— Но почему? Это же…
— Позорно?
— Глупо. Разве нет?
— Да, Лучано. И я рад, что ты тоже так считаешь. — Старший повар велел мне приблизиться и понизил голос. — Узнай хорошую новость: хранители знаний не потерпели поражения. Они придумали другие способы сберечь информацию, намного более хитроумные. Спустились под землю, приняли иное обличье и изобрели коды, чтобы зашифровать свое наследие.
— Что это за коды?
Старший повар откинулся на спинку стула и сплел пальцы на груди.
— Обсудим это в следующий раз. А пока скажи мне, что ты вынес из нашего разговора?
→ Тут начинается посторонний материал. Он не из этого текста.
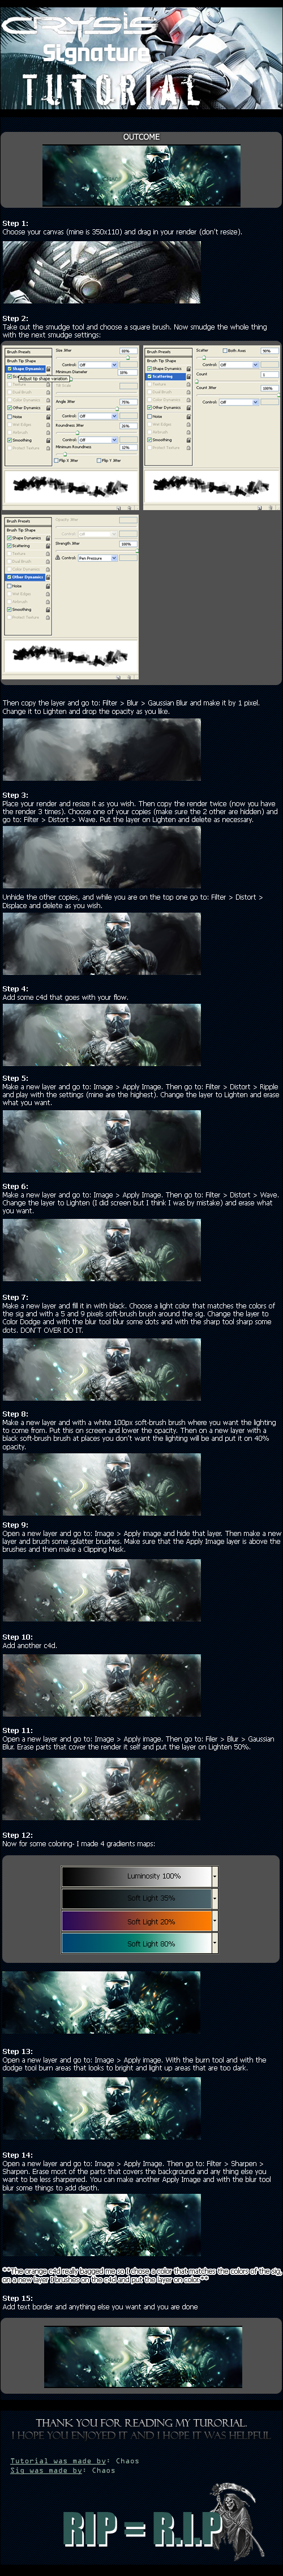 Crysis_Signature_Tutorial_by_Chaos_Tutorials
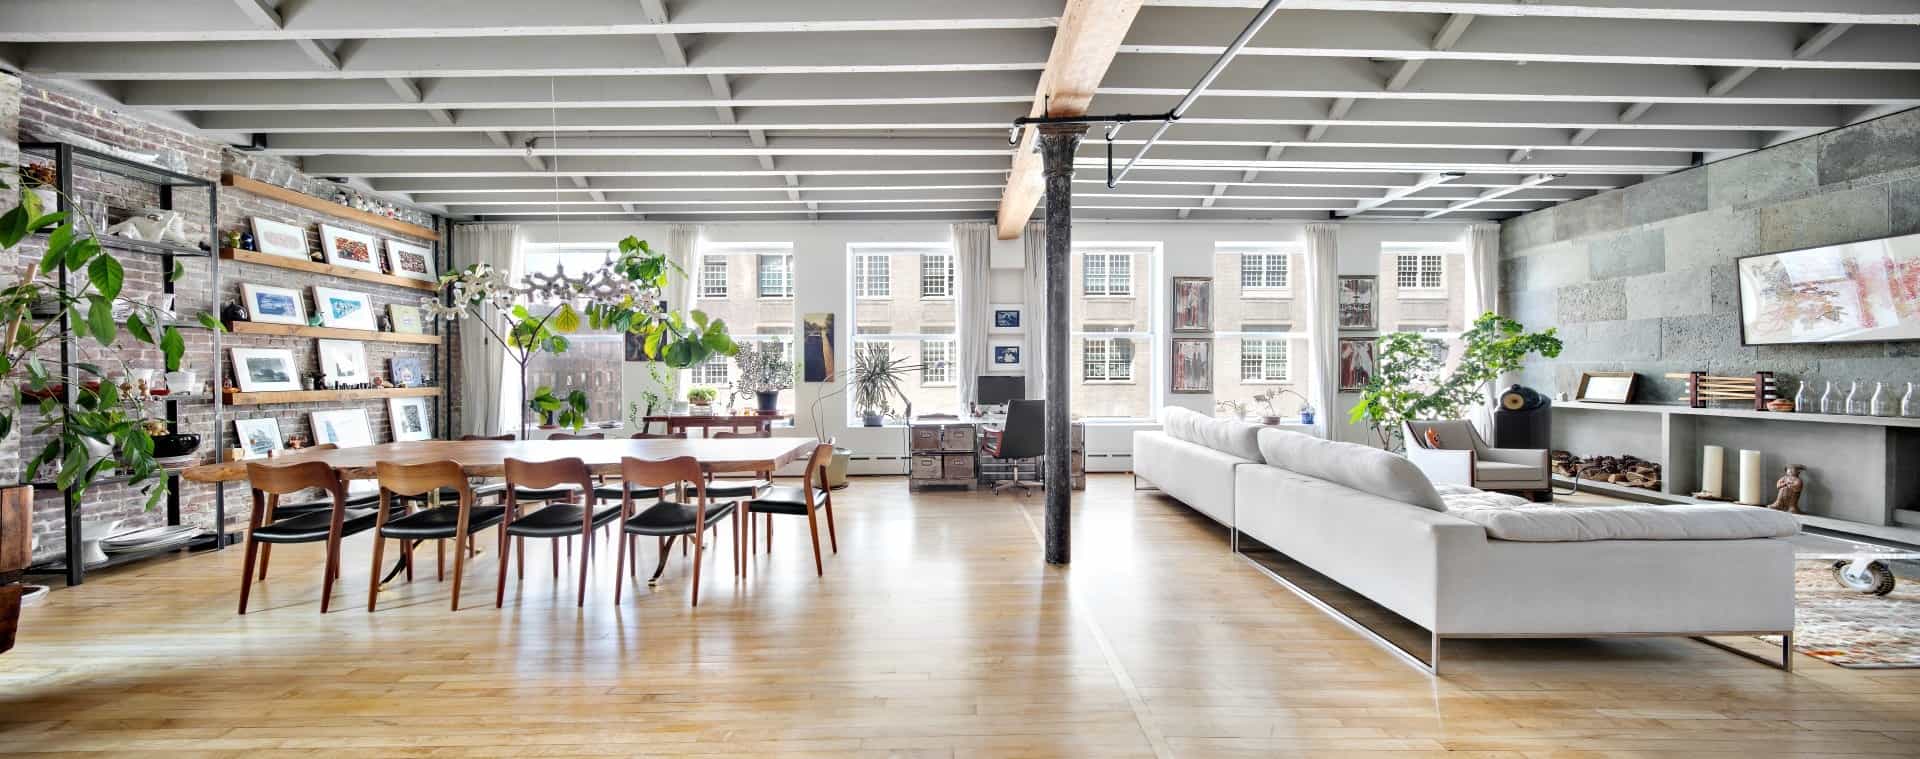 Sun Drenched Meticulously Designed Lower East Side Loft nyc new york city rental

— Что жечь книги — это ужасно.
— Превосходно. Теперь иди. Не сомневаюсь, что Данте не терпится, чтобы ты почистил ему свеклу. — Он замолчал и вернулся к своим бумагам.
В тот день больше не случилось ничего примечательного, но назавтра нашими гостями стали лингвист из Генуи, библиотекарь из Ватикана, венецианский каллиграф и священник, о котором говорили, будто он связан с монахом-еретиком Савонаролой.[10] Потом появился печатник с испачканными краской пальцами и принес одну из так называемых «типографских» книг — только что со станка. Старший повар сказал, что это последняя кулинарная книга из Флоренции, и поместил ее на свою и без того переполненную полку.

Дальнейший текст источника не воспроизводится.